Required action: When you reach the line that contains "Moschino Grey Sweatshirt", begin copying exactly and continue through the last line below. Do not copy pictures.

Dataset section:
== Segment start ==
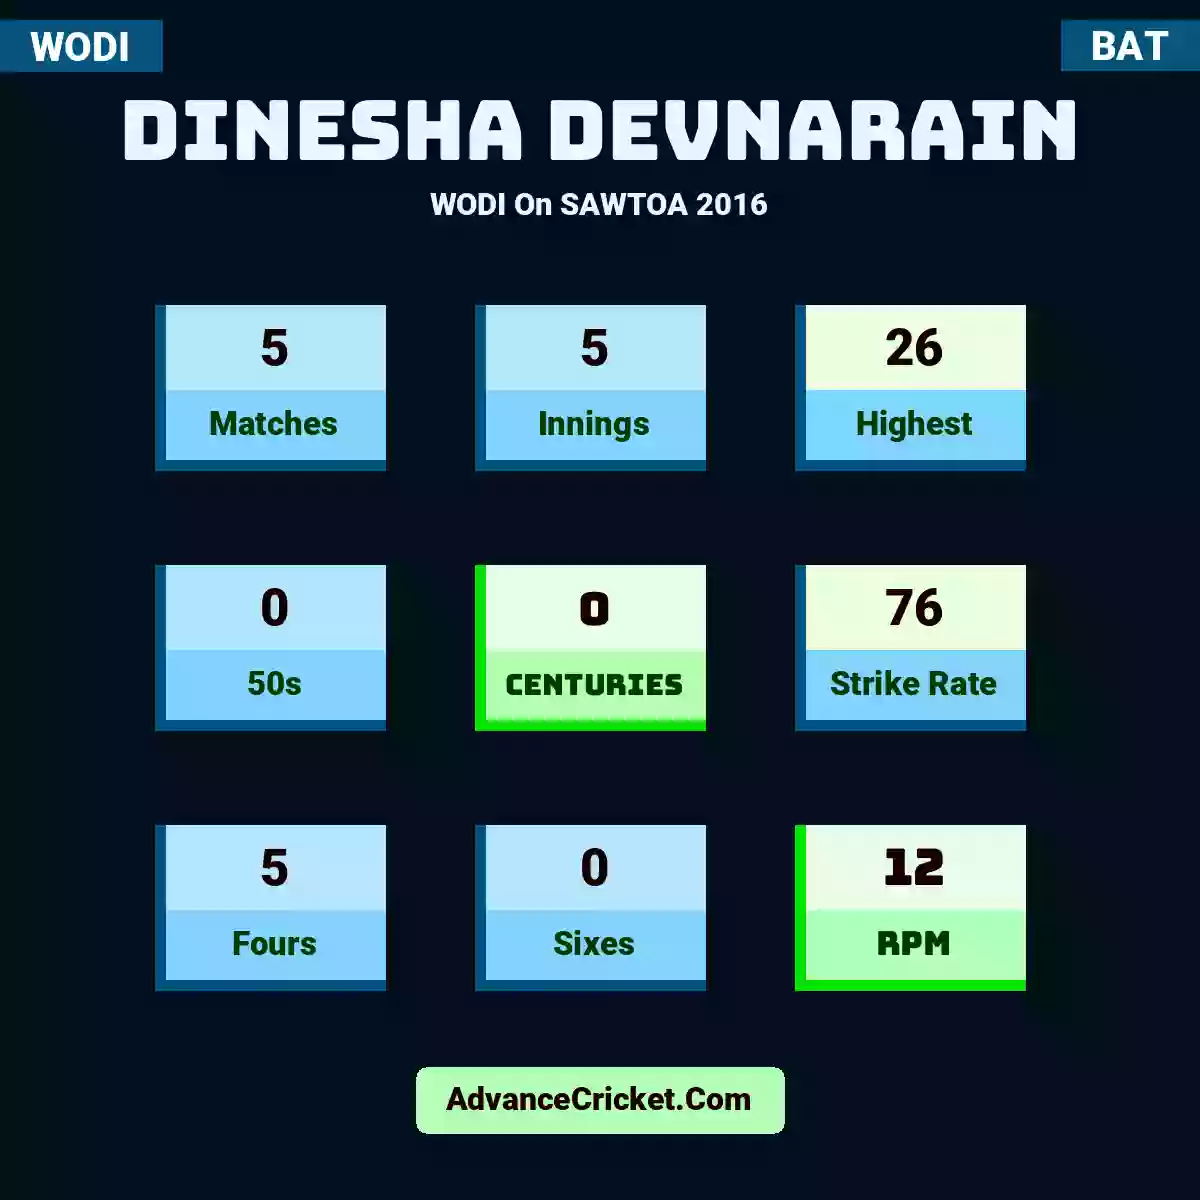 Dinesha Devnarain WODI  On SAWTOA 2016, Dinesha Devnarain played 5 matches, scored 26 runs as highest, 0 half-centuries, and 0 centuries, with a strike rate of 76. D.Devnarain hit 5 fours and 0 sixes, with an RPM of 12.
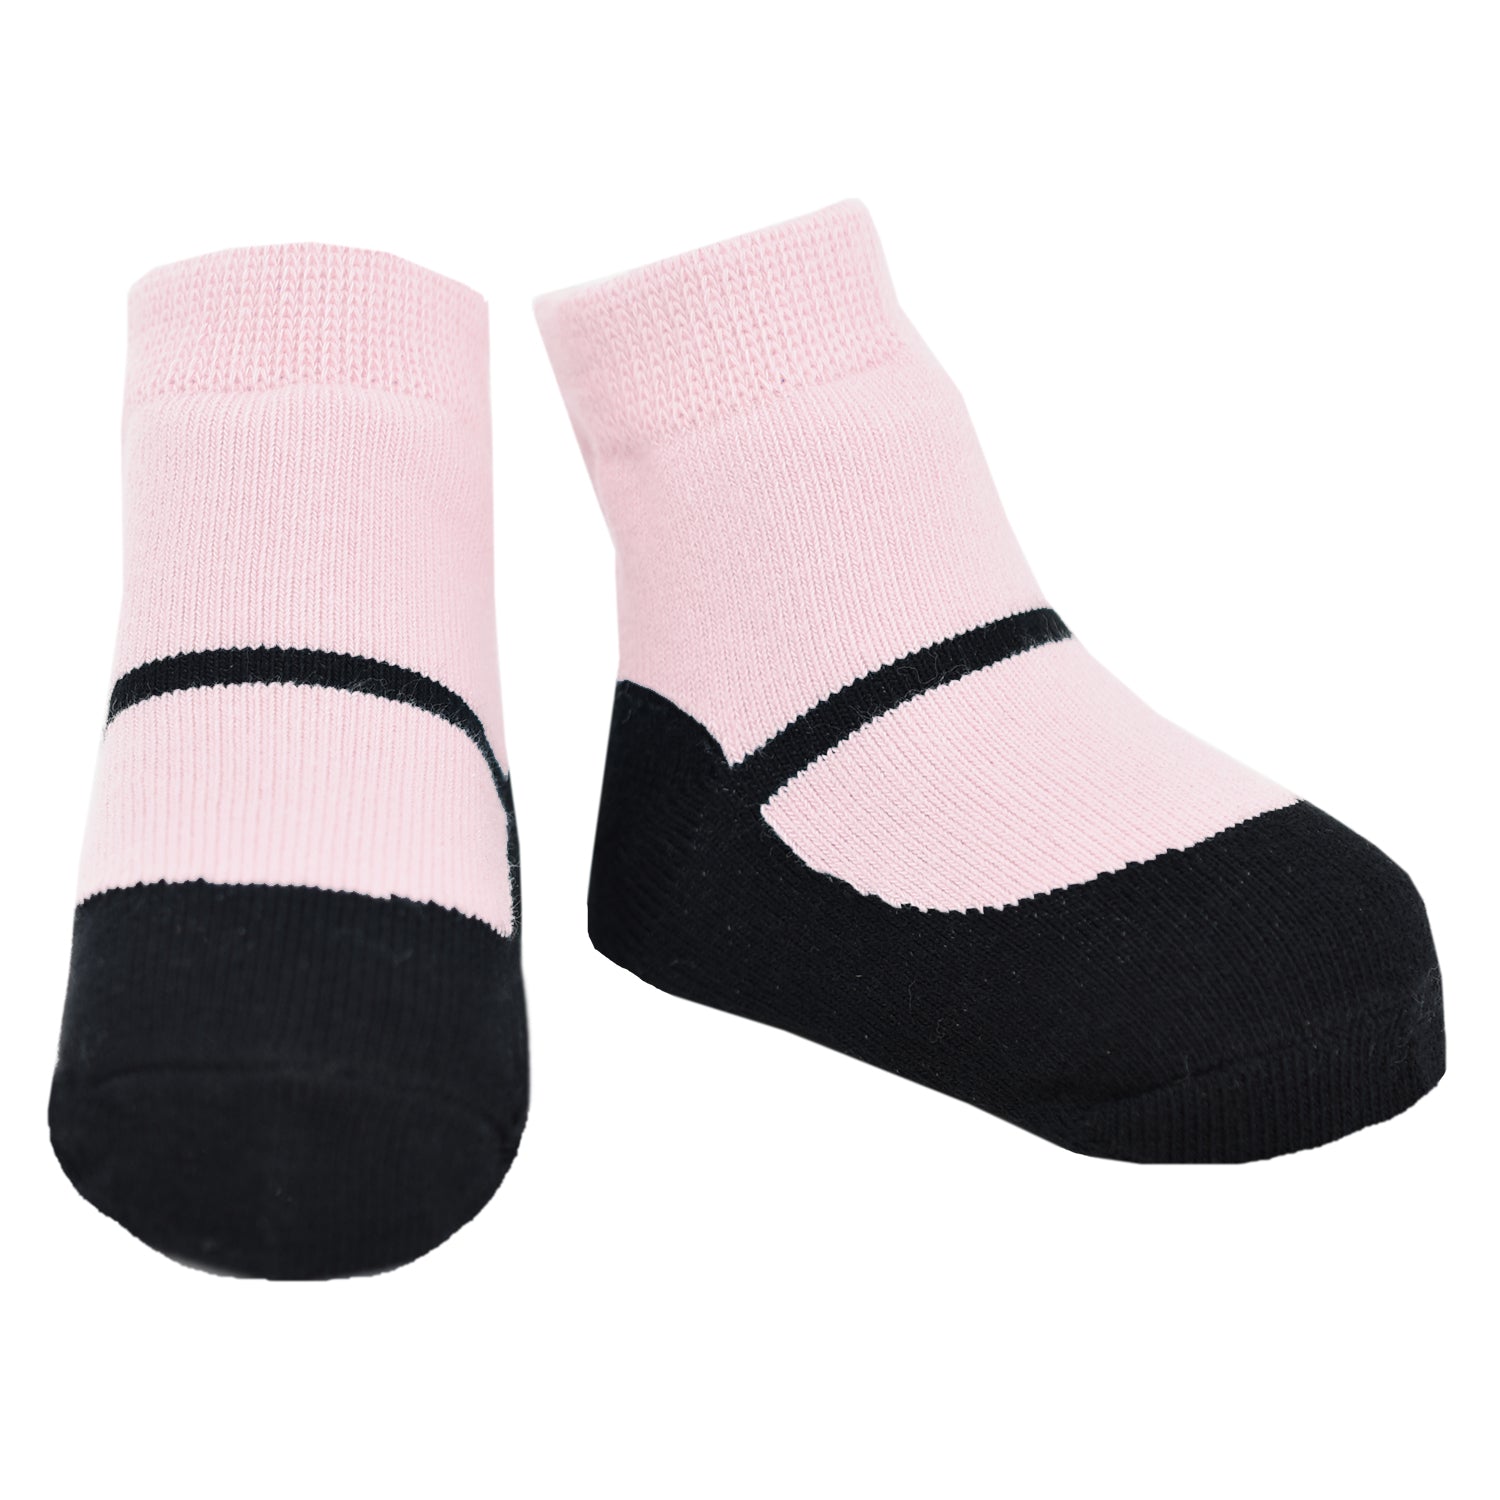 Black Mary Jane shoe look socks light pink top
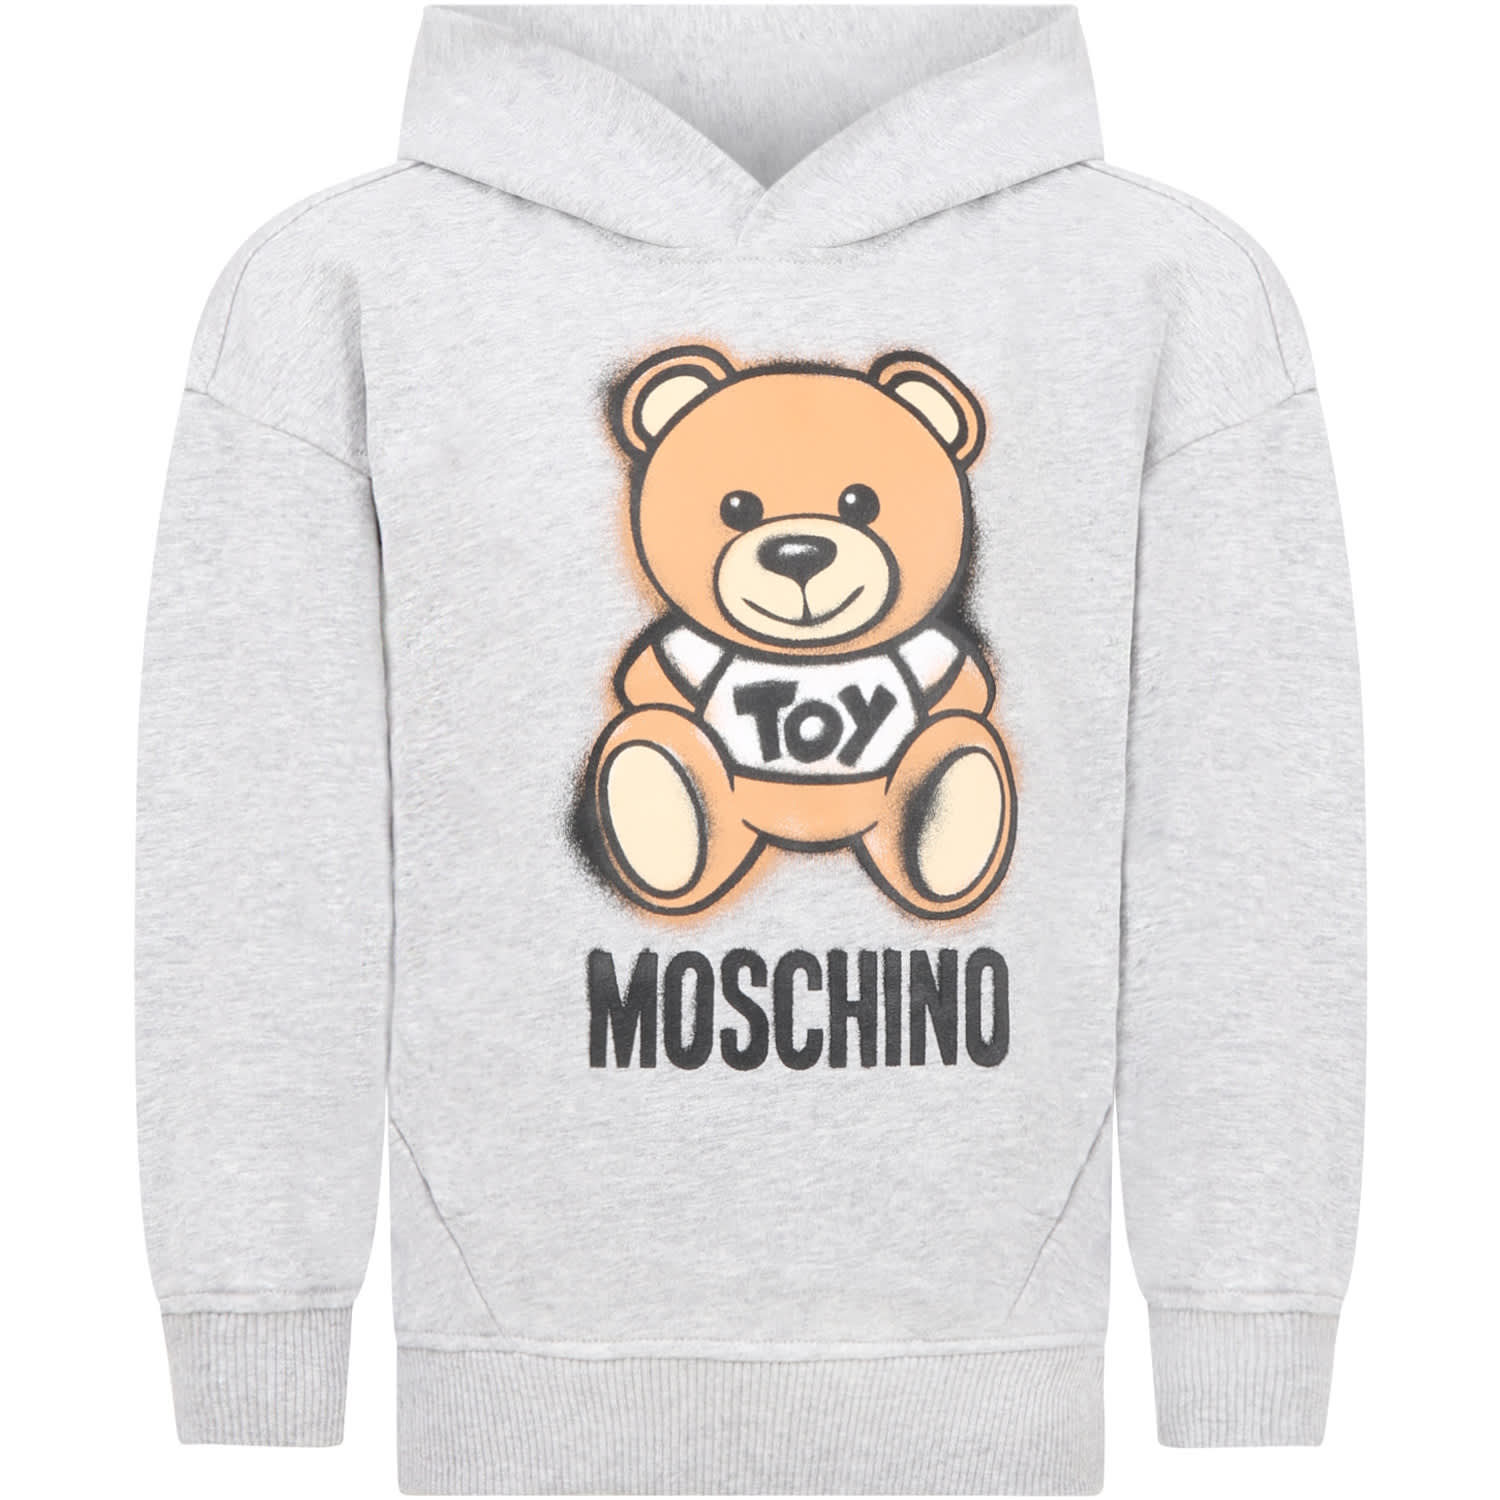 Moschino Grey Sweatshirt For Kids With Teddy Bear
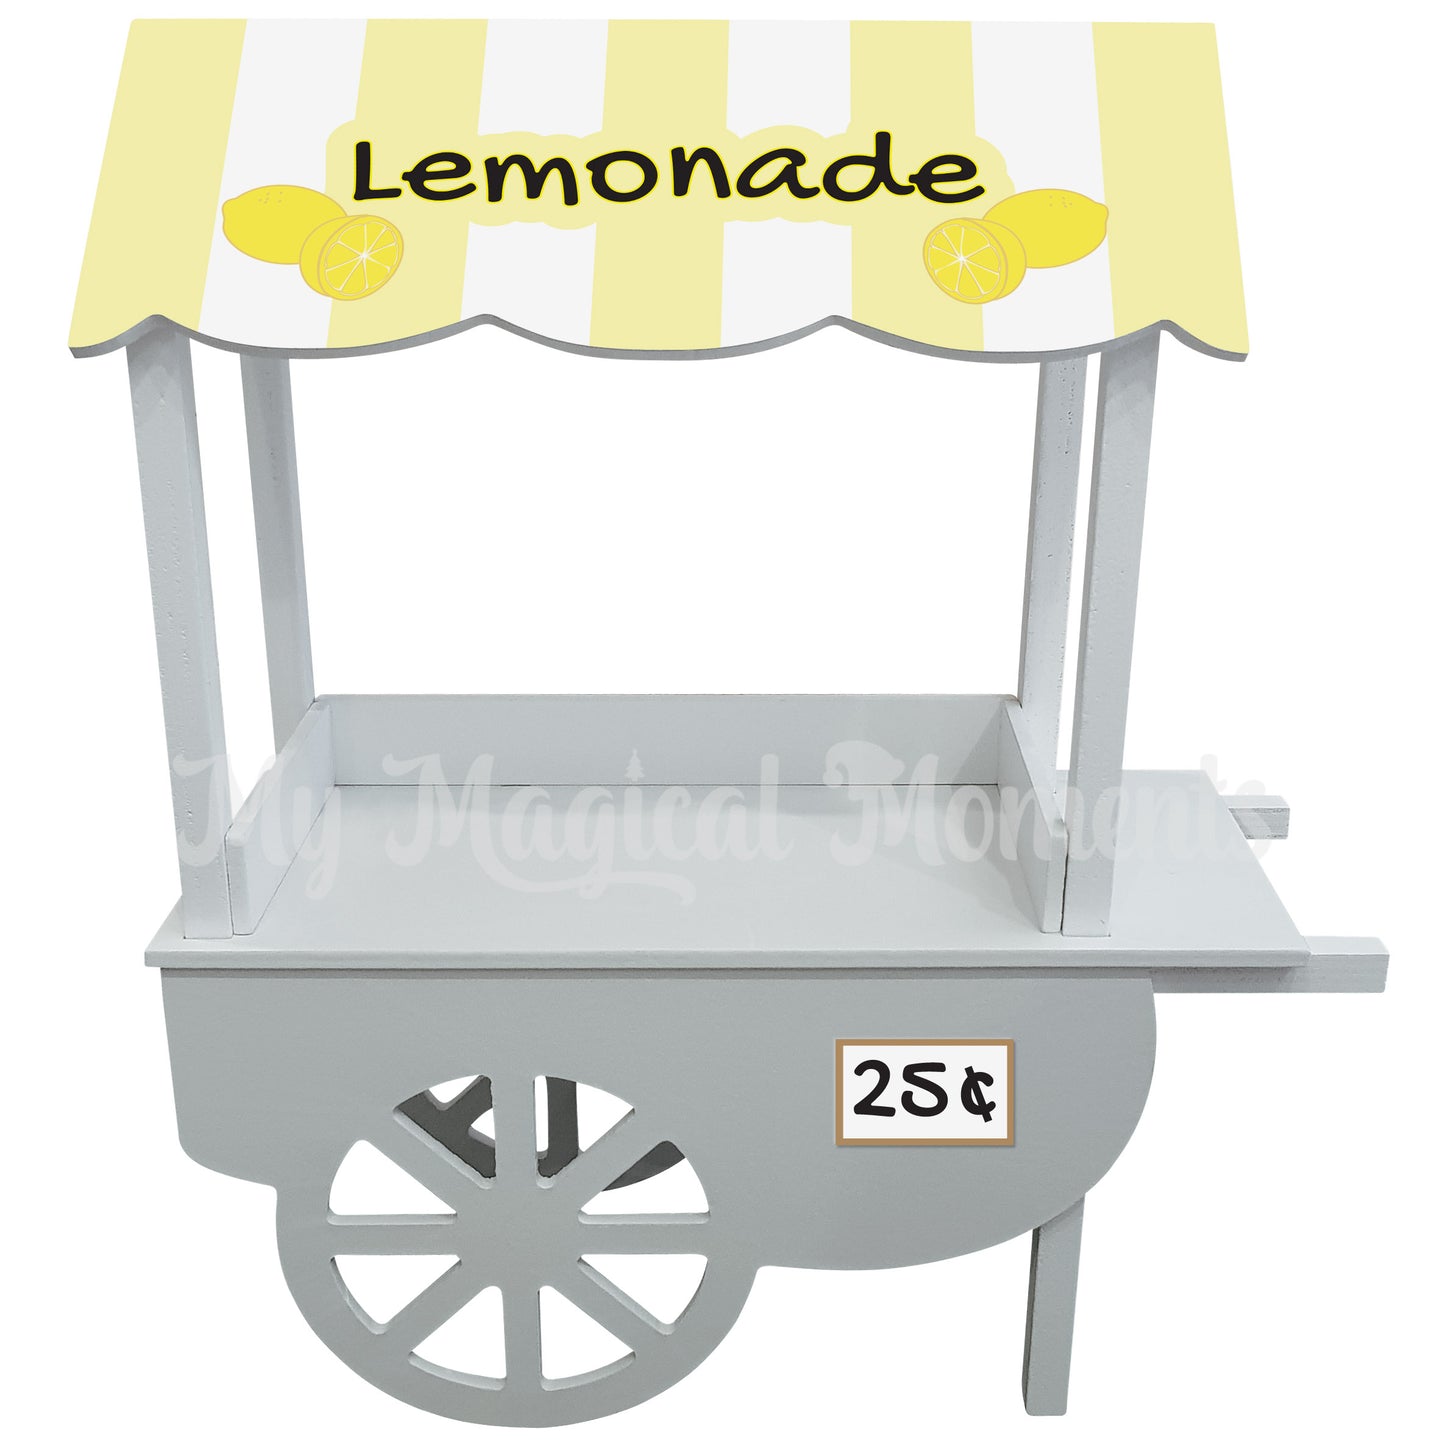 Lemonade stand elf printable
== Segment end ==
Output below:
 Moschino Grey Sweatshirt For Kids With Teddy Bear
 Lemonade stand elf printable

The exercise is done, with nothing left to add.